November 02, 2009, 9:13 PM — An expert on cable modem hacking has been arrested by federal authorities on computer intrusion charges.
According to the U.S. Department of Justice (DOJ), Ryan Harris, 26, ran a San Diego company called TCNISO that sold customizable cable modems and software that could be used to get free Internet service or a speed boost for paying subscribers.
Harris, also known as DerEngel, was charged on Aug. 16, but the grand jury indictment was not unsealed until Monday, several days after his Oct. 23 arrest. He faces a maximum sentence of 20 years in prison and a US$250,000 fine, the DOJ said. The six-count indictment charges him with conspiracy, computer intrusion and wire fraud. He was charged in U.S. District Court for the District of Massachusetts.
The arrest follows a November 2008 undercover sting operation, where a U.S. Federal Bureau of Investigation agent bought modems and a book by Harris about cable-modem hacking. "These modems were capable of hacking a cable network and obtaining free Internet service," the indictment states.
Hackers have known for years that certain models of cable modem, such as the Motorola Surfboard 5100, can be hacked to run faster on a network, a process known as uncapping. However, the question of whether uncapping a modem is illegal is "not clear," according to Bill Pollock, founder of No Starch Press, which published Harris' 2006 how-to book, Hacking the Cable Modem.
Pollock said he published the book to give Internet users good information about how to tinker with their modems and get diagnostic information, some of which is blocked by Internet service providers. "If you buy a modem and you can hack the firmware, it's your piece of hardware," he said. "If you use it to steal service, you're breaking the law."
Cable modems can also be configured to use a paying customer's MAC (Media Access Control) address to steal service.
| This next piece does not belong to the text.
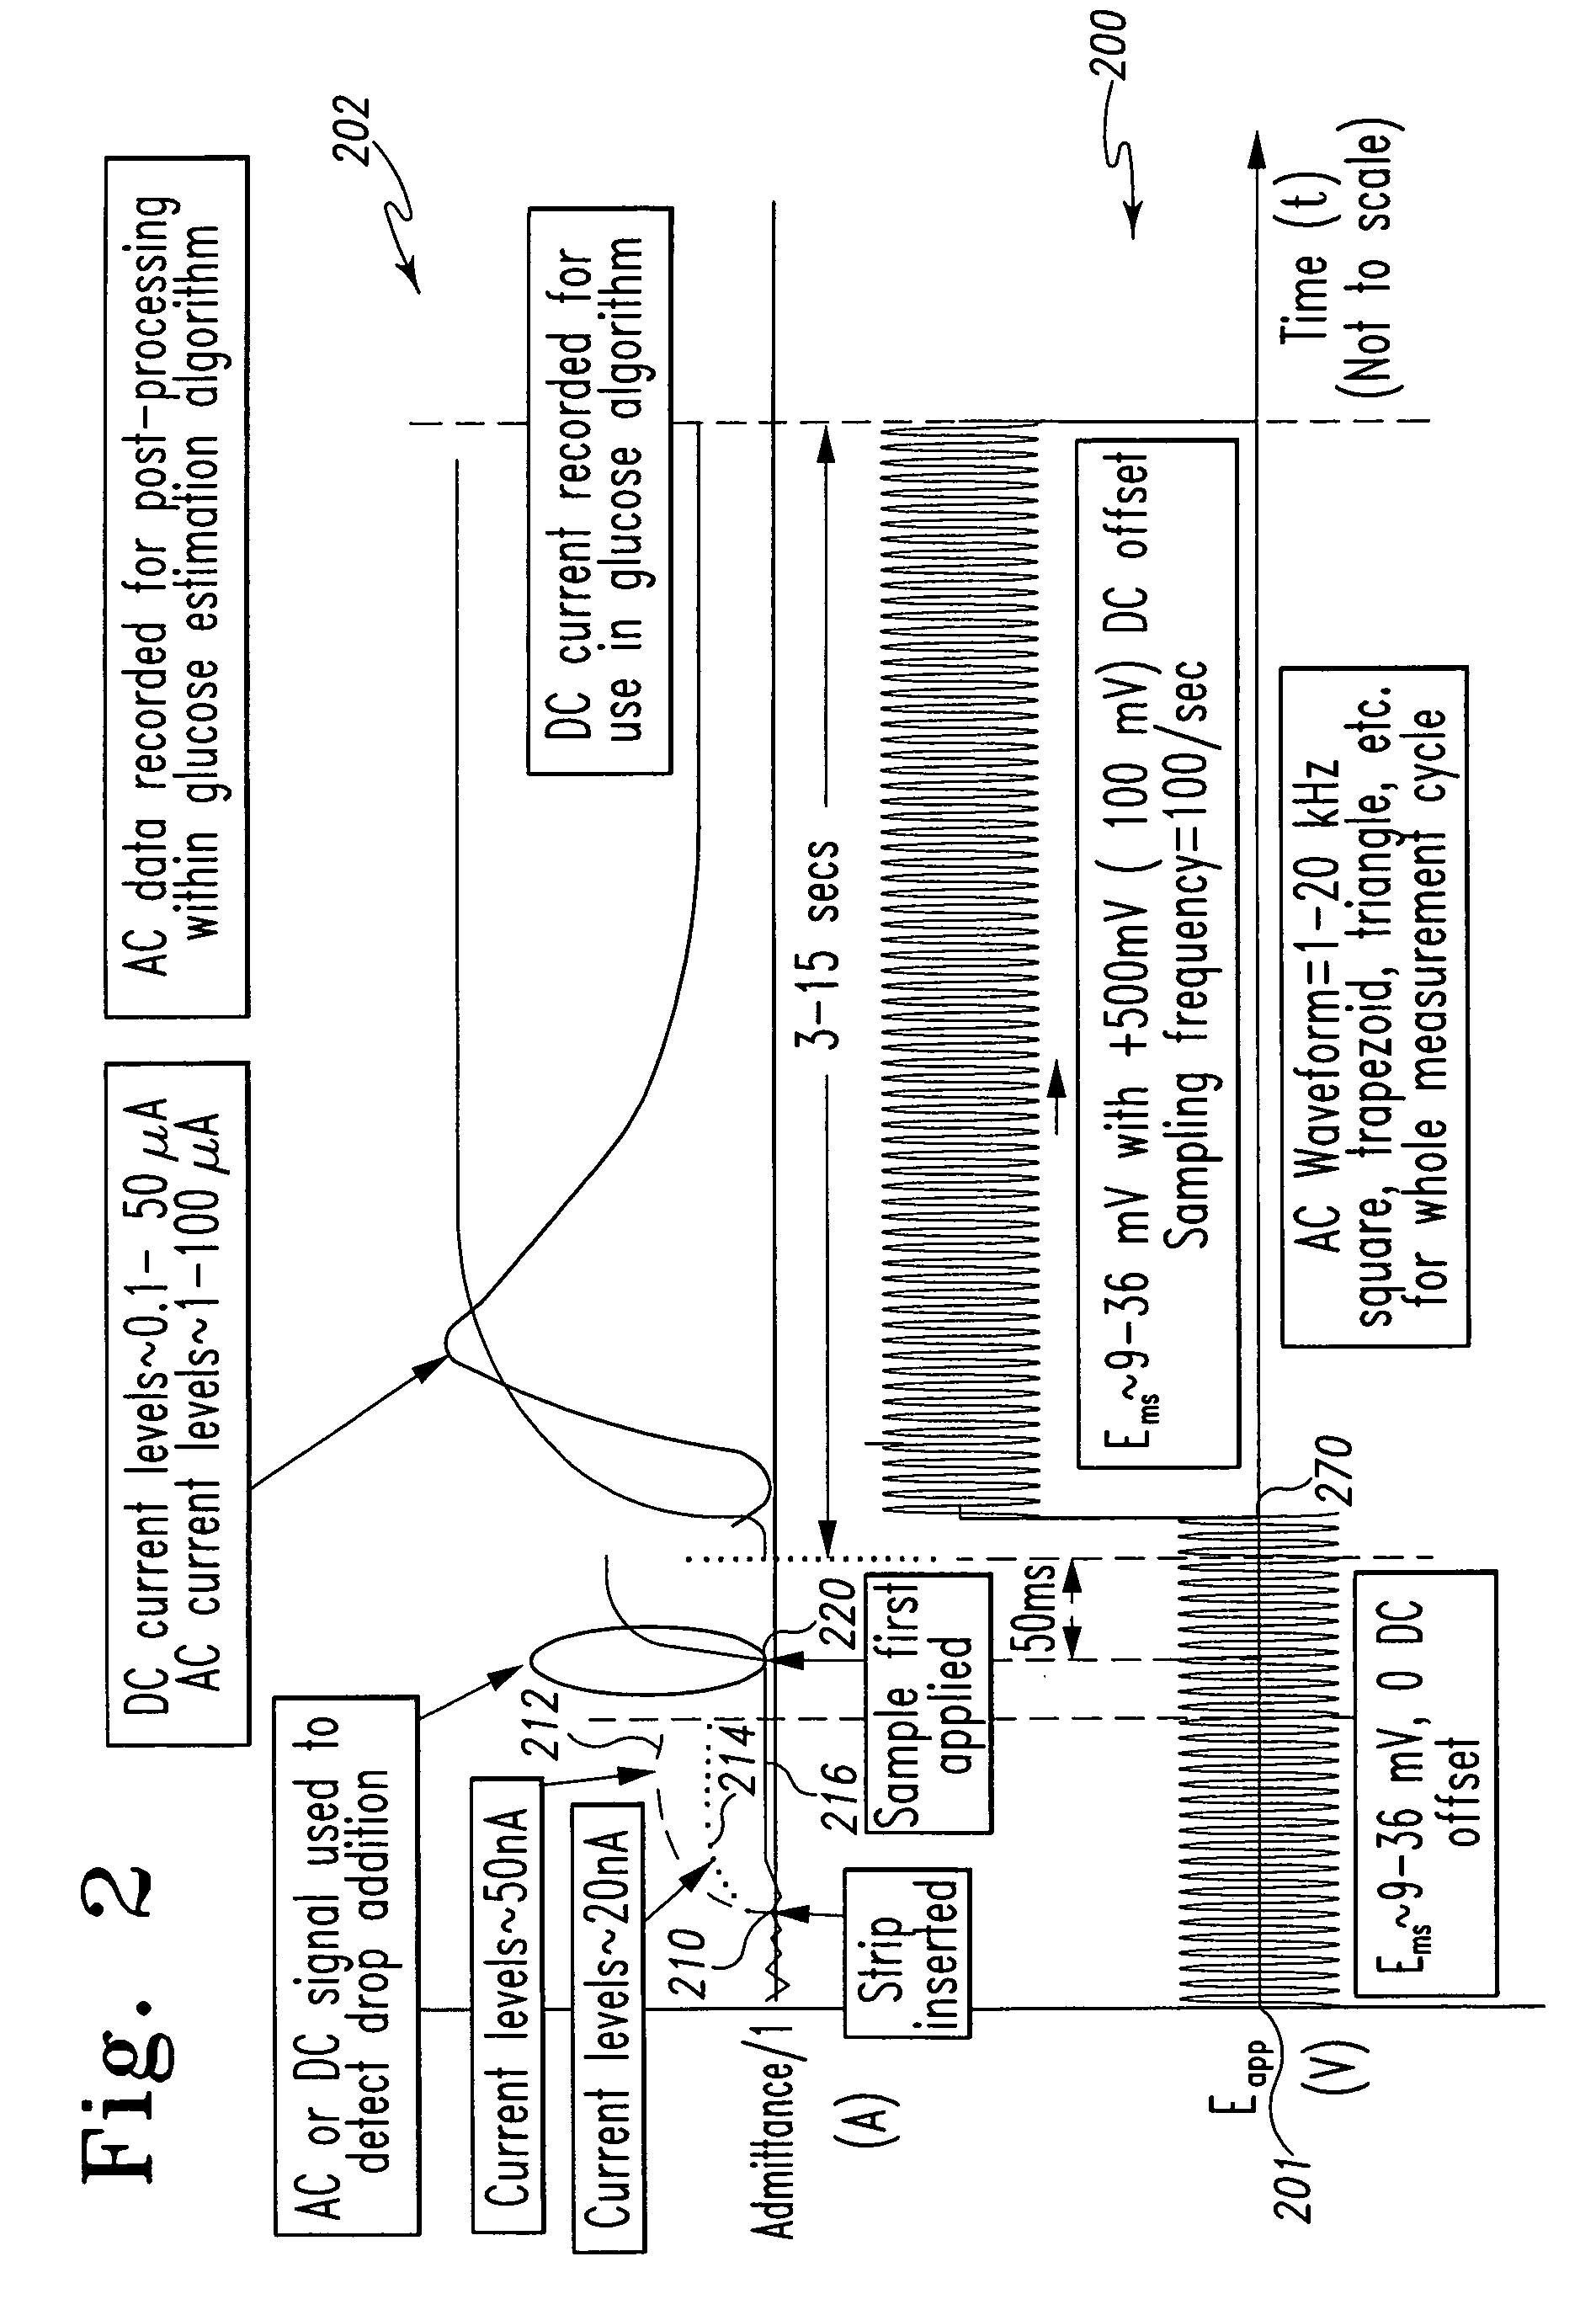 System and method for analyte measurement

According to the indictment, Harris helped develop tools that could be used to sniff MAC addresses in order to get on the network free.
Using a fake MAC address can also make Internet surfing untraceable, a feature that could help criminals hide their footsteps from law enforcement.
In January, Harris told Wired.com that changing MAC addresses in order to get free Internet service was "morally wrong and probably illegal."
"There's a gray area there, but theft of service is a crime no matter where you're at," he said.
Authorities say Harris' company, TCNISO, made more than $1 million selling cable-modem-hacking materials between 2003 and 2009, according to court documents. The company distributed cable-modem firmware called Sigma, along with a version of the Surfboard 5100 modem and some hacking software called Blackcat.
In 2005, the company developed a modified version of Sigma, called Sigma X, that could "block ISPs from 'probing' a modem to determine whether it was hacked," the indictment states. In March 2007, Harris asked users on the Tcniso.net forums for "verified Mac addresses and/or config files," it states.
One of TCNISO's more notorious customers was an unidentified teenager who used the hacker name Dshocker. Last year Dshocker pleaded guilty to hacking charges that dated back to 2005, when he was just 13 years old. Dshocker was charged with using stolen credit cards, phoning in bomb threats and operating a botnet of several thousand hacked computers.
Dshocker used Sigma to change his modem's MAC address and connect to a U.S. ISP, Charter Communications, without paying, the Harris indictment states. Later, he allegedly uncapped his modem, bumping up his access speed tenfold.
Harris isn't the first person to be charged with this type of activity. In January, Thomas Swingler was charged with selling cable modems that could be customized to get free Internet service.
TCNISO's Web site was offline Monday, but Swingler's site, cablehack.net, is still open for business. According to CableHack's site, the modems it sells are "for educational use only." The company "does not encourage its users to use these modems illegally in any way, shape, or form."